The skills that students are practicing in related rates problems are:
Differentiating a known equation implicitly with respect to time.
Interpreting the time derivative of a quantity as a rate of change.
The main reason that related rates problems feel so contrived is that calculus books do not want to assume that the students are familiar with any of the equations of science or economics. Every related rates problem inherently involves differentiating a known equation, and the only equations that the calculus book assumes are the equations of geometry.
Thus, you can find related rates problems involving various area and volume formulas, related rates problems involving the Pythagorean Theorem or similar triangles, related rates problems involving triangle trigonometry, and so forth. A few of these problems are compelling -- for example, computing the speed of an airplane based on ground observations of its altitude and apparent angular velocity -- but most of them do feel a bit contrived.

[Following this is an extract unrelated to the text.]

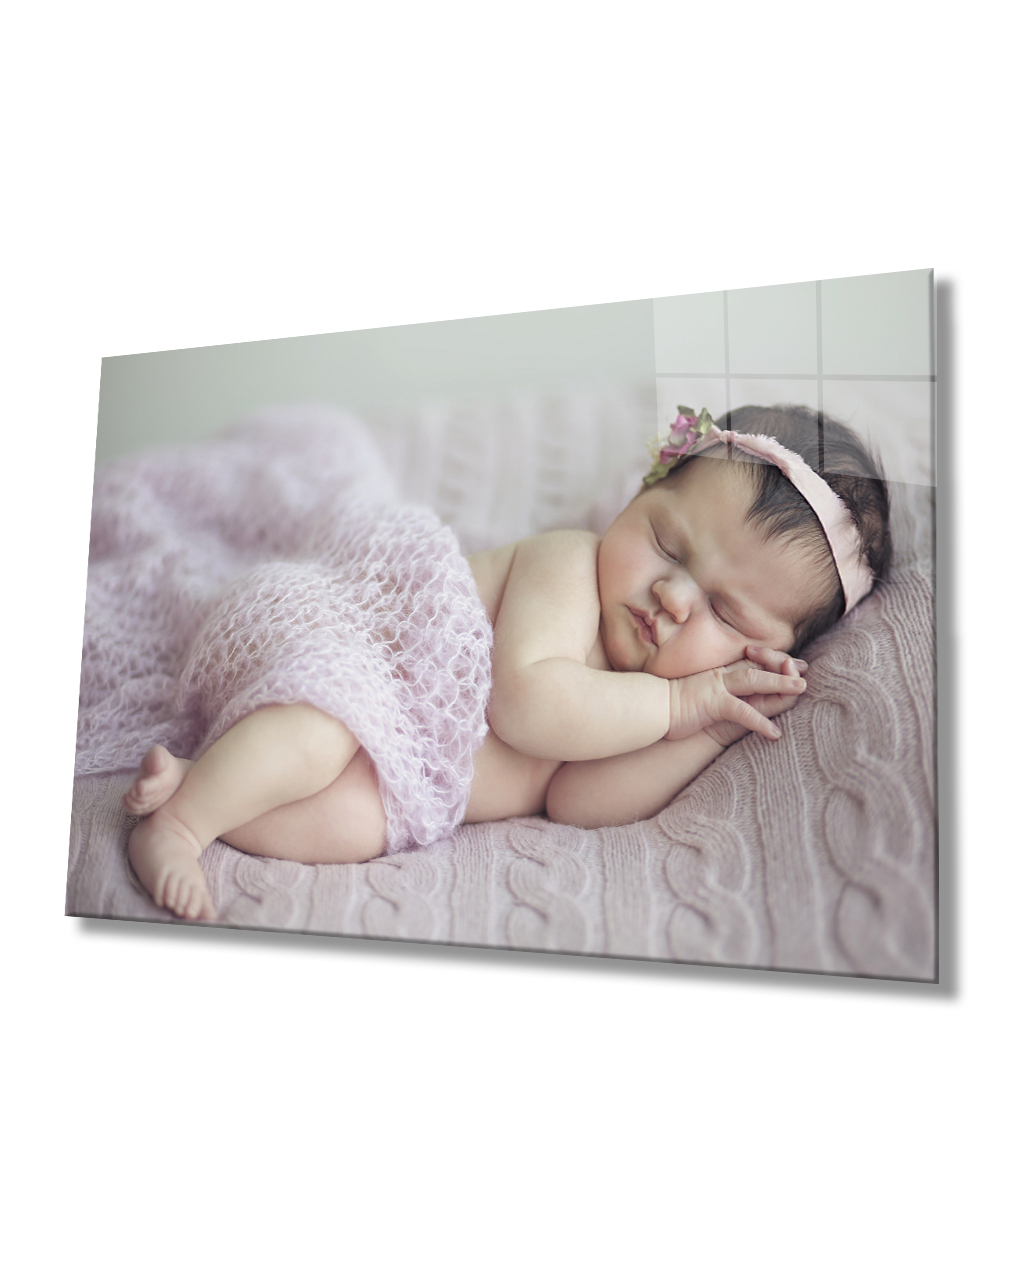 Uyuyan Bebek Cam Tablo  4mm Dayanıklı Temperli Cam Sleeping Baby Glass Table 4mm Durable Tempered Glass

The reality, of course, is that students are familiar with many of the basic equations and concepts of science and economics, and there's no rule against using these in problems. For example, you can make up all sorts of compelling related rates problems by starting with any physics or chemistry equation and imagining a situation where you might want to take its derivative:
The kinetic energy of an object is $K = \frac{1}{2}mv^2$. If the object is accelerating at a rate of $9.8 \text{m}/\text{s}^2$, how fast is the kinetic energy increasing when the speed is $30 \;\text{m}/\text{s}$?
An ideal gas satisfies $PV = nRT$, where $n$ is the number of moles and $R \approx 8.314\;\; \text{J}\; \text{mol}^{-1} \text{K}^{-1}$. Give the rate at which the temperature and volume of the gas are increasing, and then ask about the rate of change in pressure when the volume and temperature reach certain amounts.
The total energy stored in a capacitor is $\frac{1}{2} Q^2 / C$, where $Q$ is the amount of charge stored in the capacitor and $C$ is the capacitance. Give the value of $C$ and the rate at which $Q$ is decreasing, and ask about the rate at which the capacitor is losing energy when the energy is a certain amount.
In astronomy, the absolute magnitude $M$ of a star is related to its luminosity $L$ by the formula $$ M \;=\; M_{\text{sun}} -\; 2.5\; \log_{10}(L/L_{\text{sun}}). $$ where $M_{\text{sun}} = 4.75$ and $L_{\text{sun}} = 3.839 \times 10^{26} \text{watts}$. (Note that, by convention, brighter stars have lower magnitude.) If the absolute magnitude of a variable star is decreasing at a rate of $0.09 / \text{week}$, how quickly is the luminosity of the star increasing when the magnitude is $3.8$?
It's easy to make these up: just think of any equation in science or economics whose derivative might be interesting. Wikipedia and/or science textbooks can be helpful for finding equations from a wide variety of fields.